Pour l'heure, le nouveau PDG doit surtout veiller à la réussite des chantiers lancés par son prédecesseur : la grande bascule vers le jeu en ligne et la nouvelle console. En mars, Nintendo a acheté des parts de la société DeNA, basée à Tokyo, avec laquelle elle entend développer des jeux à la fois compatibles pour les consoles, les smartphones, les tablettes, en embarquant des personnages créés par Nintendo. Ce projet doit voir le jour à l'automne avec un premier titre, avant la publication de cinq autres d'ici à 2017. Jusqu'à cette annonce, les représentants de Nintendo, et Iwata en tête, avaient toujours rejeté cette migration vers les appareils mobiles. «Le monde est en train de changer, donc toute entreprise qui n'est en prise avec ce changement, est condamnée au déclin», disait Satoru Iwata au printemps pour expliquer son revirement.
Nouvelle console l’an prochain
Pour effacer les mauvaises ventes de sa console Wii U, concurrencée par la Xbox de Microsoft, la Playstation de Sony et, dans une moindre mesure, les iPhone et iPad d’Apple, Nintendo prévoit de lancer une nouvelle console «NX» pour l’année prochaine. Mais aucune date précise n’est avancée.

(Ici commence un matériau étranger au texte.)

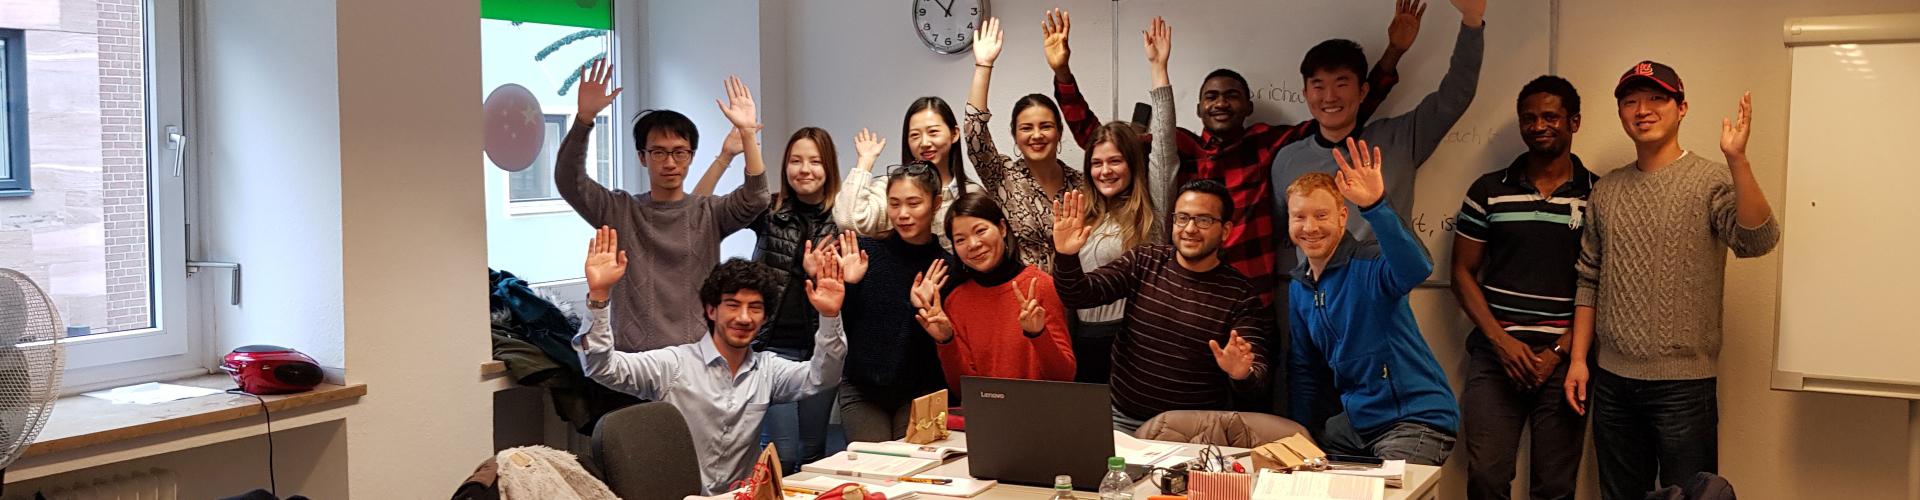 Sprachschule Aktiv Köln – Deutsch und Fremdsprachen lernen

Le tandem Shigeru Miyamoto-Genyo Takeda reste dans l’organigramme de Nintendo mais change de titre en héritant respectivement de curieuses fonctions : «compagnon créatif» pour le premier, «compagnon technologique» pour le second. Signe que la nouvelle direction sera probablement plus collégiale que la précédente. On ne remplace pas Satoru Iwata au pied levé.